AIM OF THE TASK » The data below should be printed in full, exactly, and without any of its images.

DATA EXCERPT »
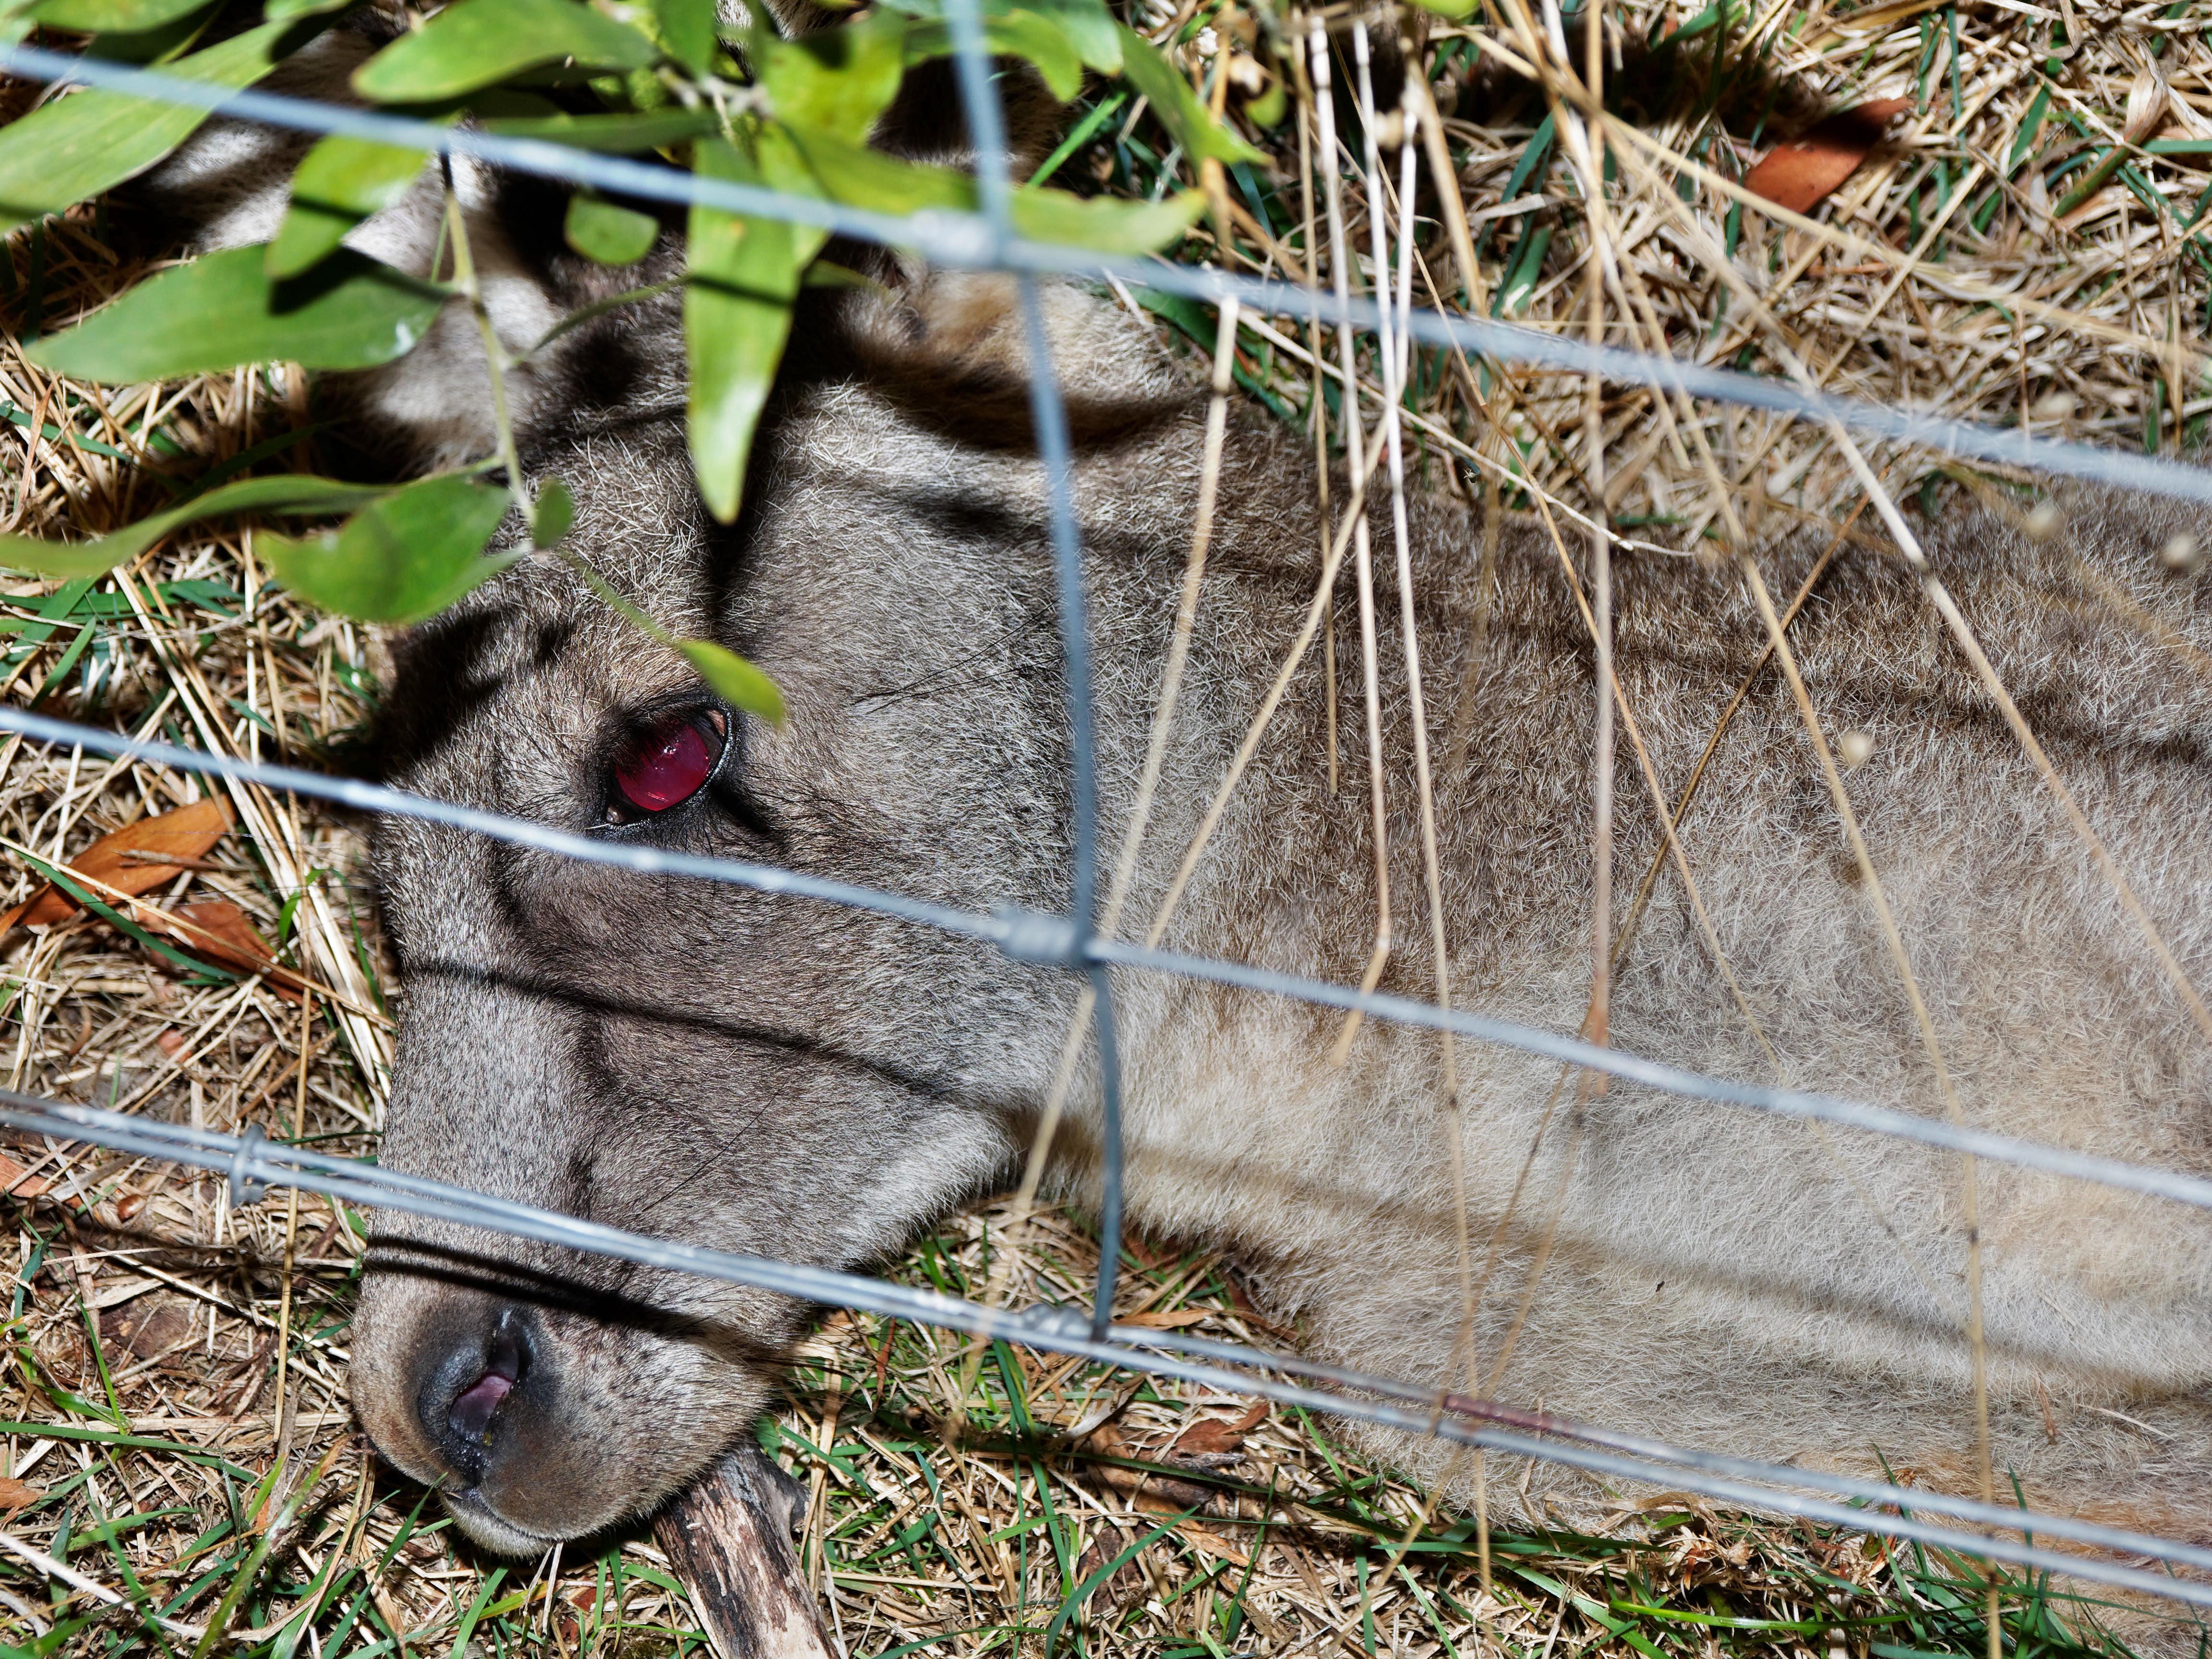 Kangaroo-5.jpeg
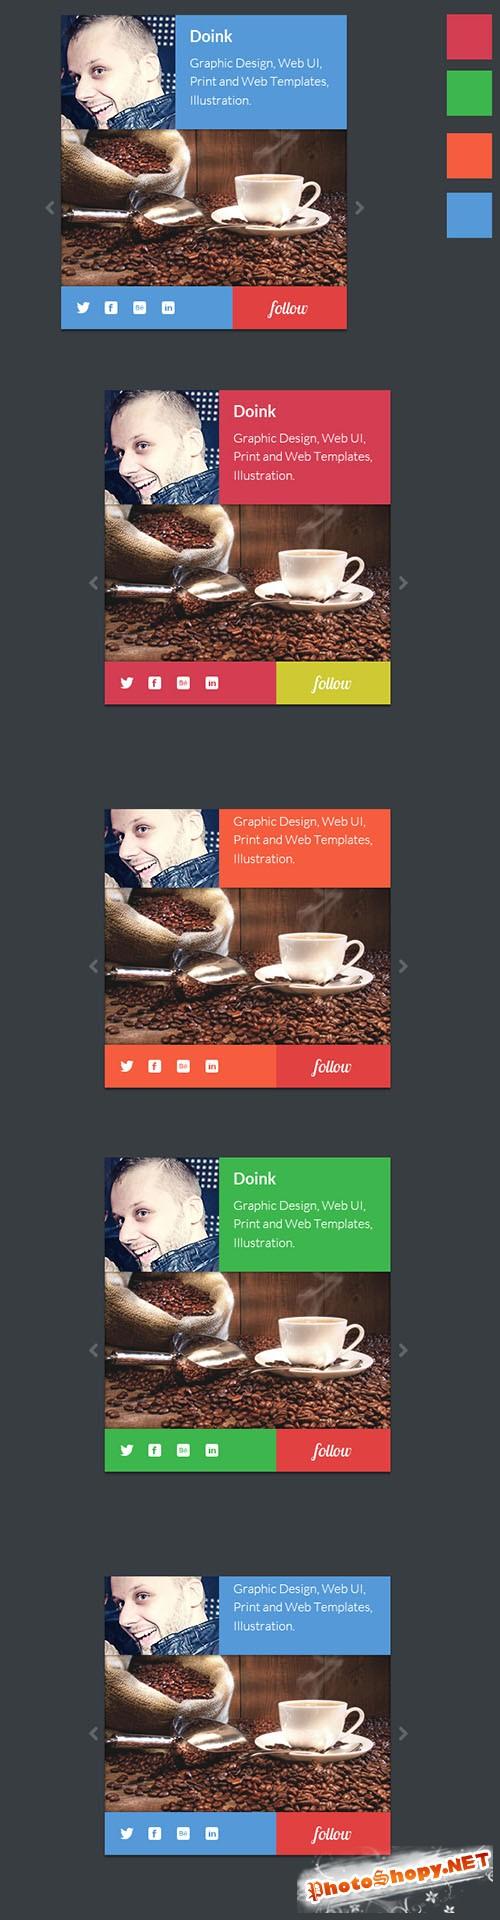 Designtnt - Flat Portfolio Widgets
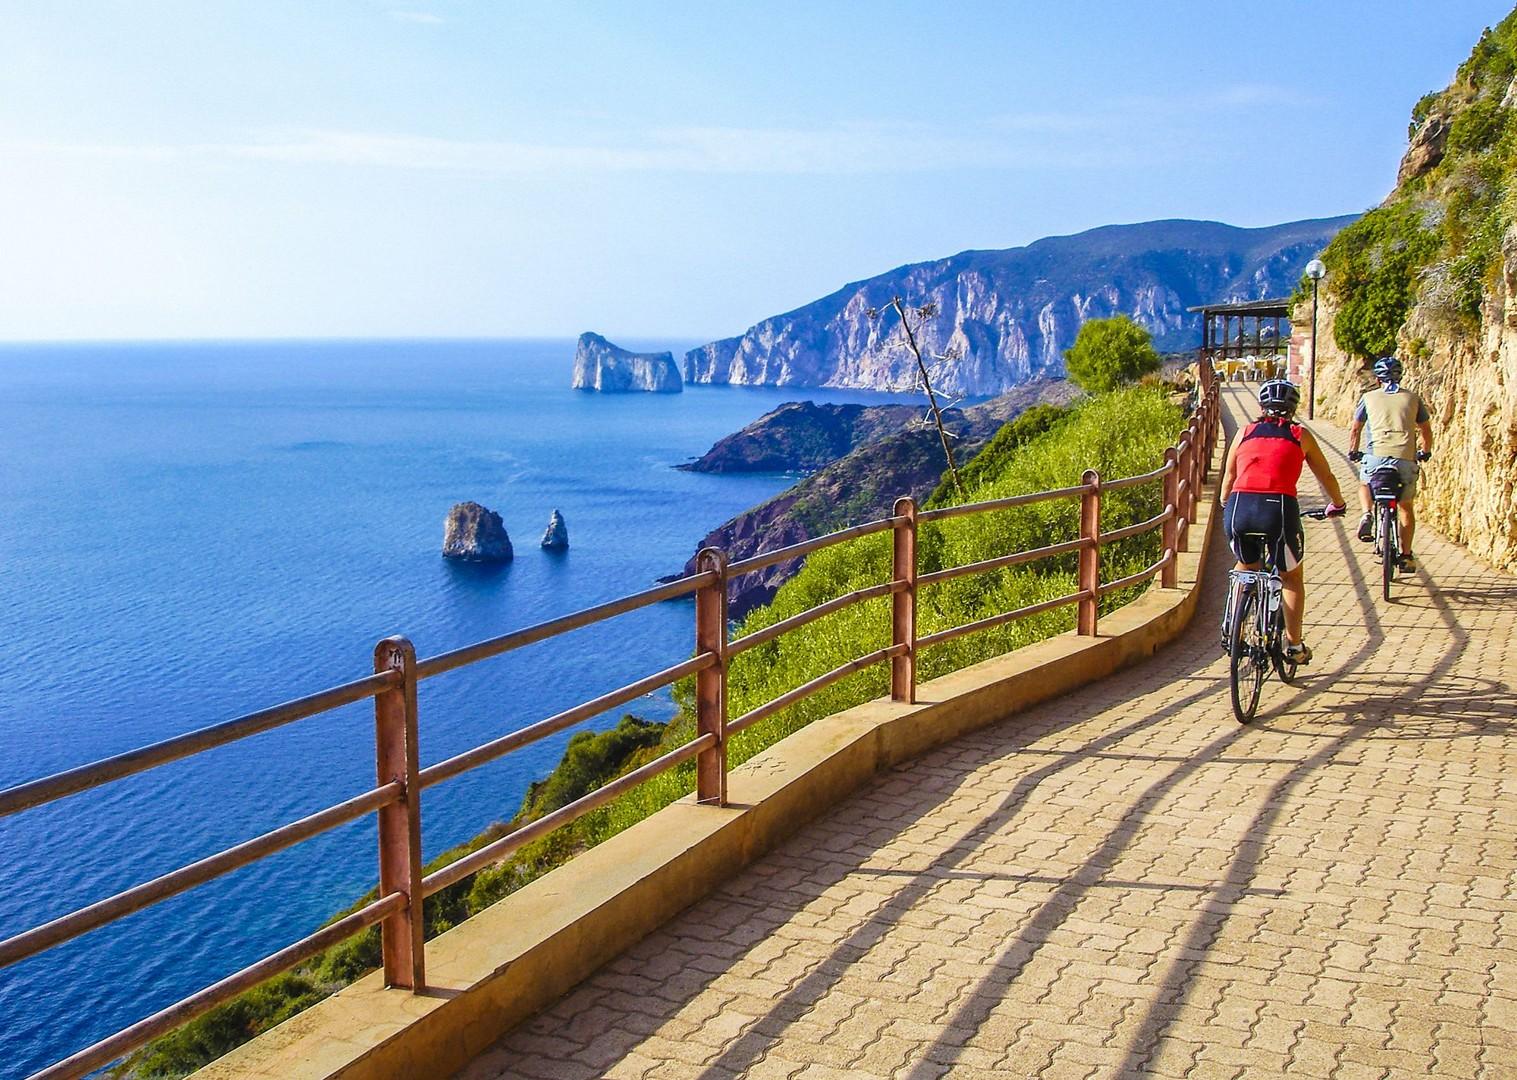 fdfsdfsdfsdfsdfsdf4.jpg - Italy - Sardinia - Island Flavours - Italia Leisure and Family Cycling
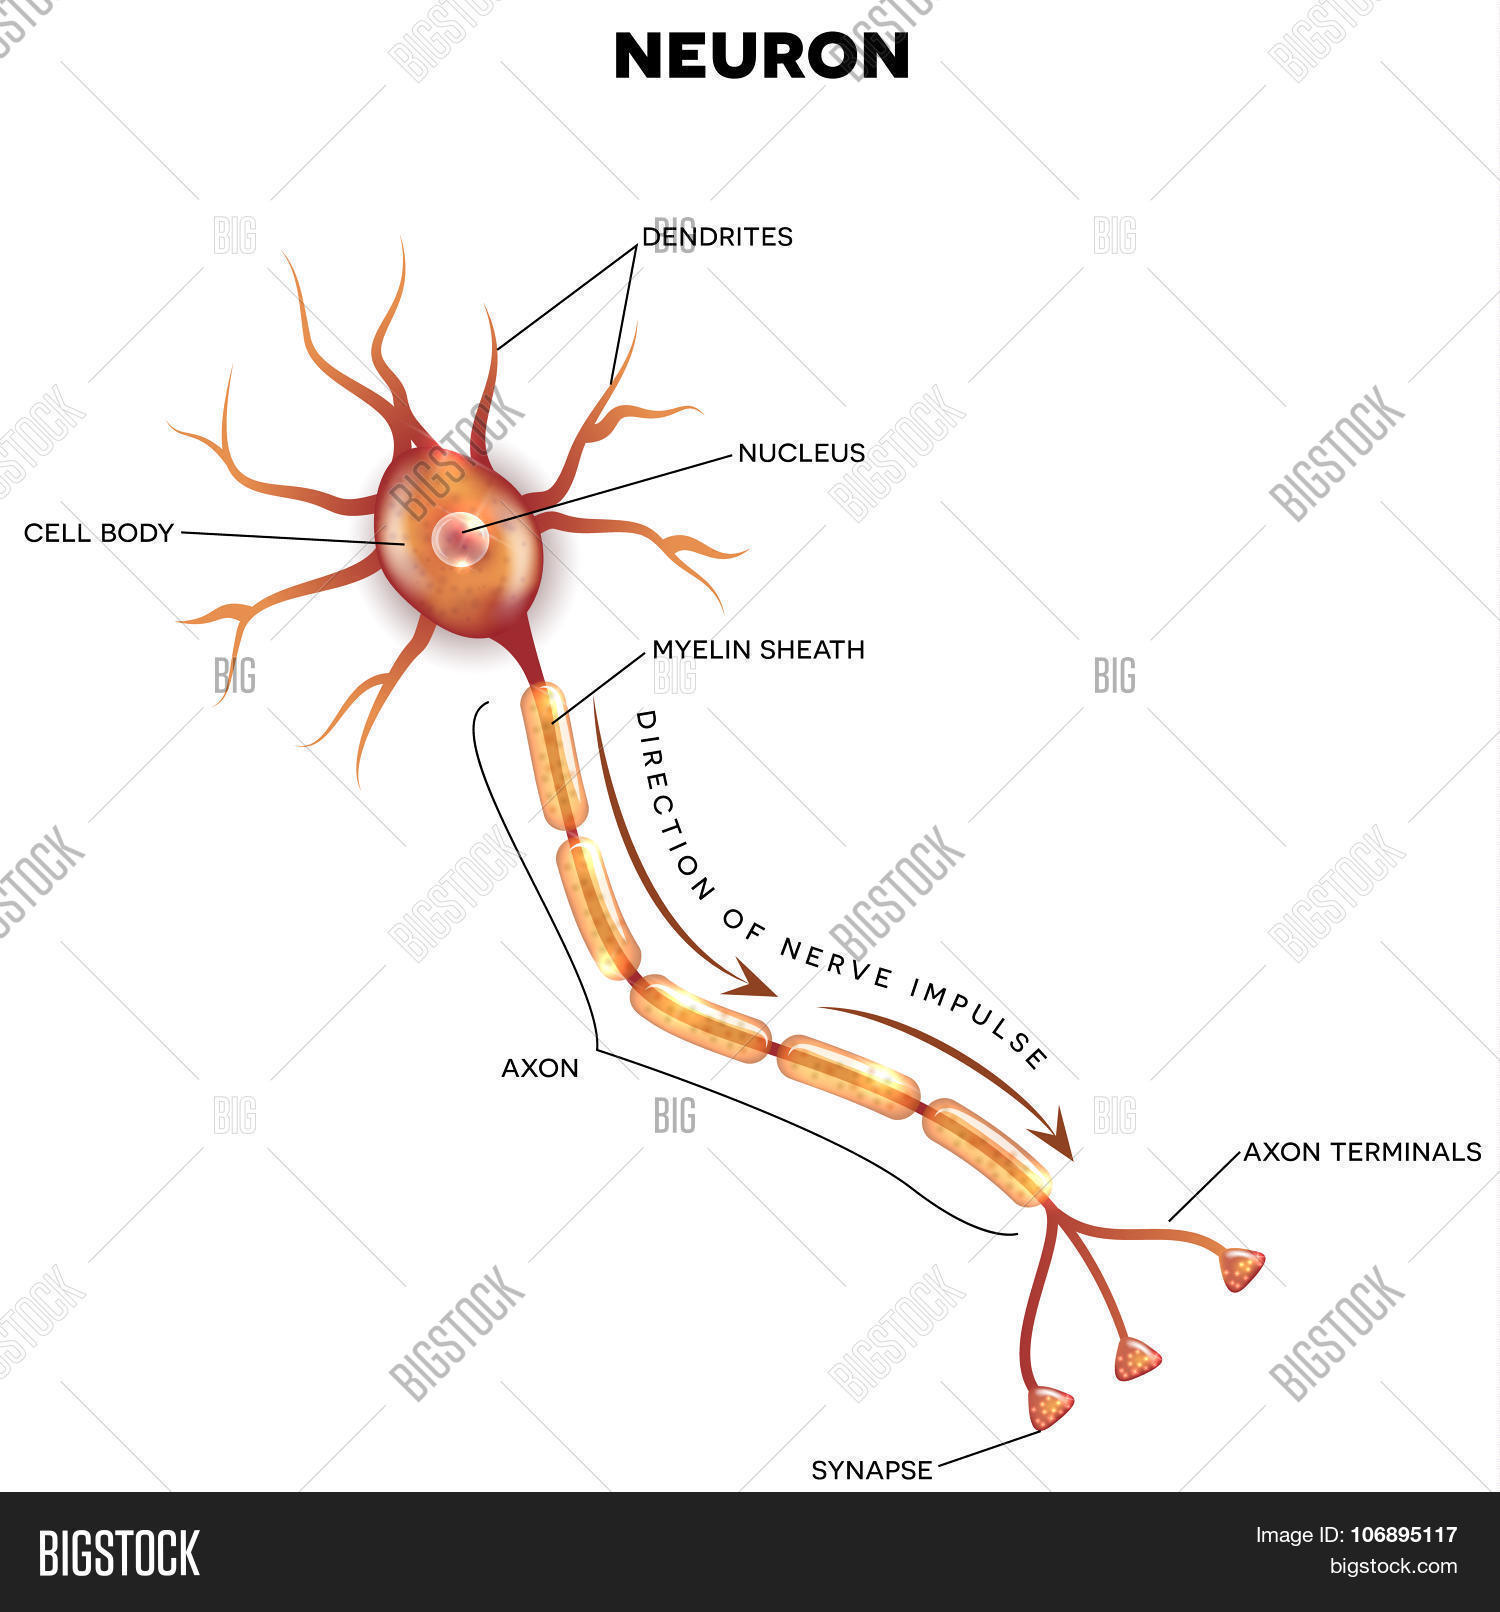 Labeled Diagram Neuron Vector & Photo | Bigstock

ANSWER SPACE »
 Kangaroo-5.jpeg
 Designtnt - Flat Portfolio Widgets
 fdfsdfsdfsdfsdfsdf4.jpg - Italy - Sardinia - Island Flavours - Italia Leisure and Family Cycling
 Labeled Diagram Neuron Vector & Photo | Bigstock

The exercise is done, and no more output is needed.